Posts Tagged ‘espalier’

Les parfums (Anna de Noailles)

Posted by arbrealettres sur 6 juin 2023



Illustration: Maureen Wingrove alias Diglee
    
Les parfums

Mon coeur est un palais plein de parfums flottants
Qui s’endorment parfois aux plis de ma mémoire,
Et le brusque réveil de leurs bouquets latents
– Sachets glissés au coin de la profonde armoire –

Soulève le linceul de mes plaisirs défunts
Et délie en pleurant leurs tristes bandelettes…
Puissance exquise, dieux évocateurs, parfums,
Laissez fumer vers moi vos riches cassolettes !

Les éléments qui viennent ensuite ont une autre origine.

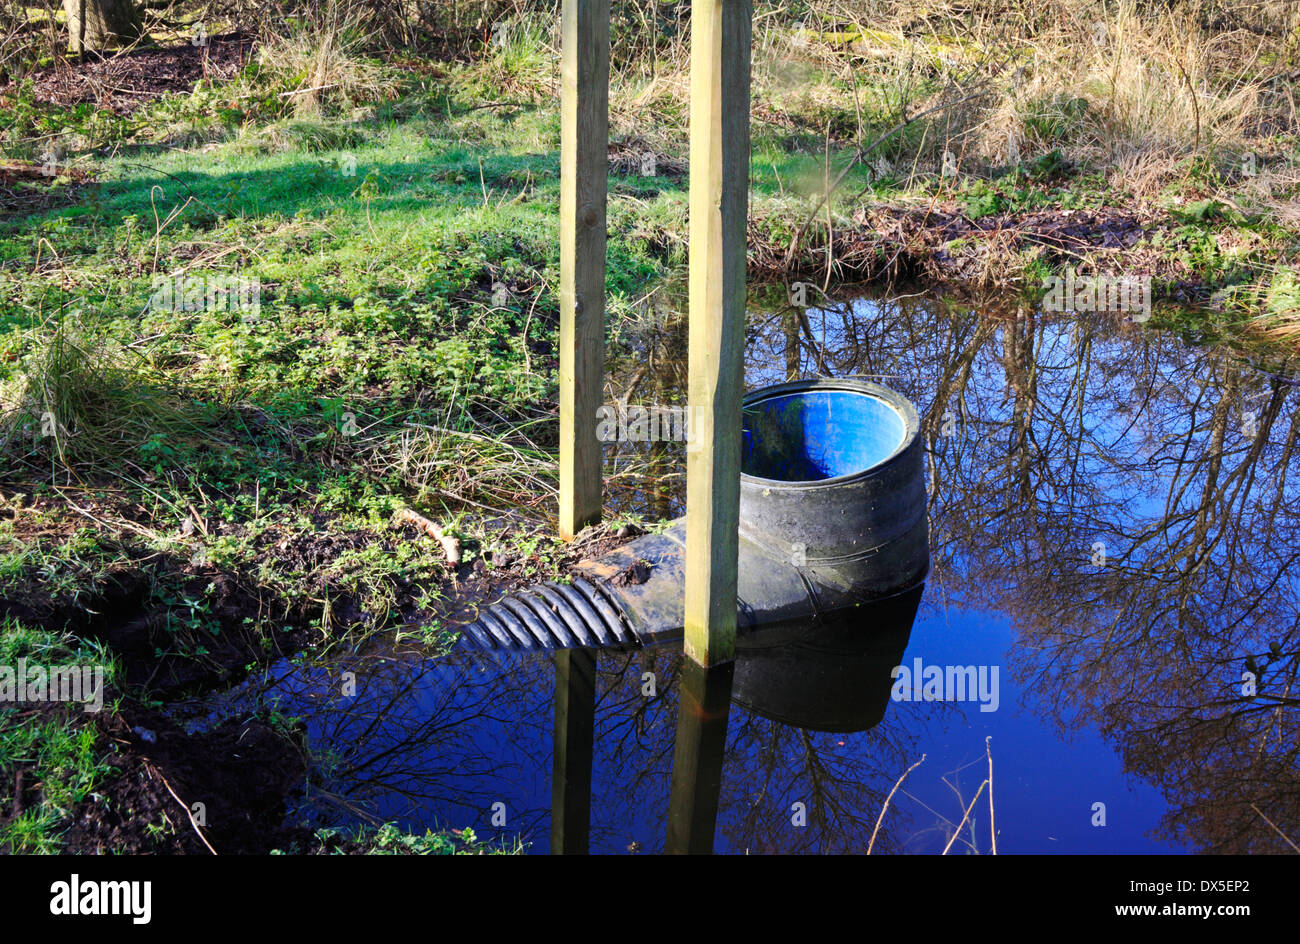 A simple water level outflow pipe at Alderfen Broad Nature Reserve, Norfolk, England, United Kingdom. Stock Photo

Parfum des fleurs d’avril, senteur des fenaisons,
Odeur du premier feu dans les chambres humides,
Arômes épandus dans les vieilles maisons
Et pâmés au velours des tentures rigides ;

Apaisante saveur qui s’échappe du four,
Parfum qui s’alanguit aux sombres reliures,
Souvenir effacé de notre jeune amour
Qui s’éveille et soupire au goût des chevelures ;

Fumet du vin qui pousse au blasphème brutal,
Douceur du grain d’encens qui fait qu’on s’humilie,
Arôme jubilant de l’azur matinal,
Parfums exaspérés de la terre amollie ;

Souffle des mers chargés de varech et de sel,
Tiède enveloppement de la grange bondée,
Torpeur claustrale éparse aux pages du missel,
Acre ferment du sol qui fume après l’ondée ;

Odeur des bois à l’aube et des chauds espaliers,
Enivrante fraîcheur qui coule des lessives,
Baumes vivifiants aux parfums familiers,
Vapeur du thé qui chante en montant aux solives !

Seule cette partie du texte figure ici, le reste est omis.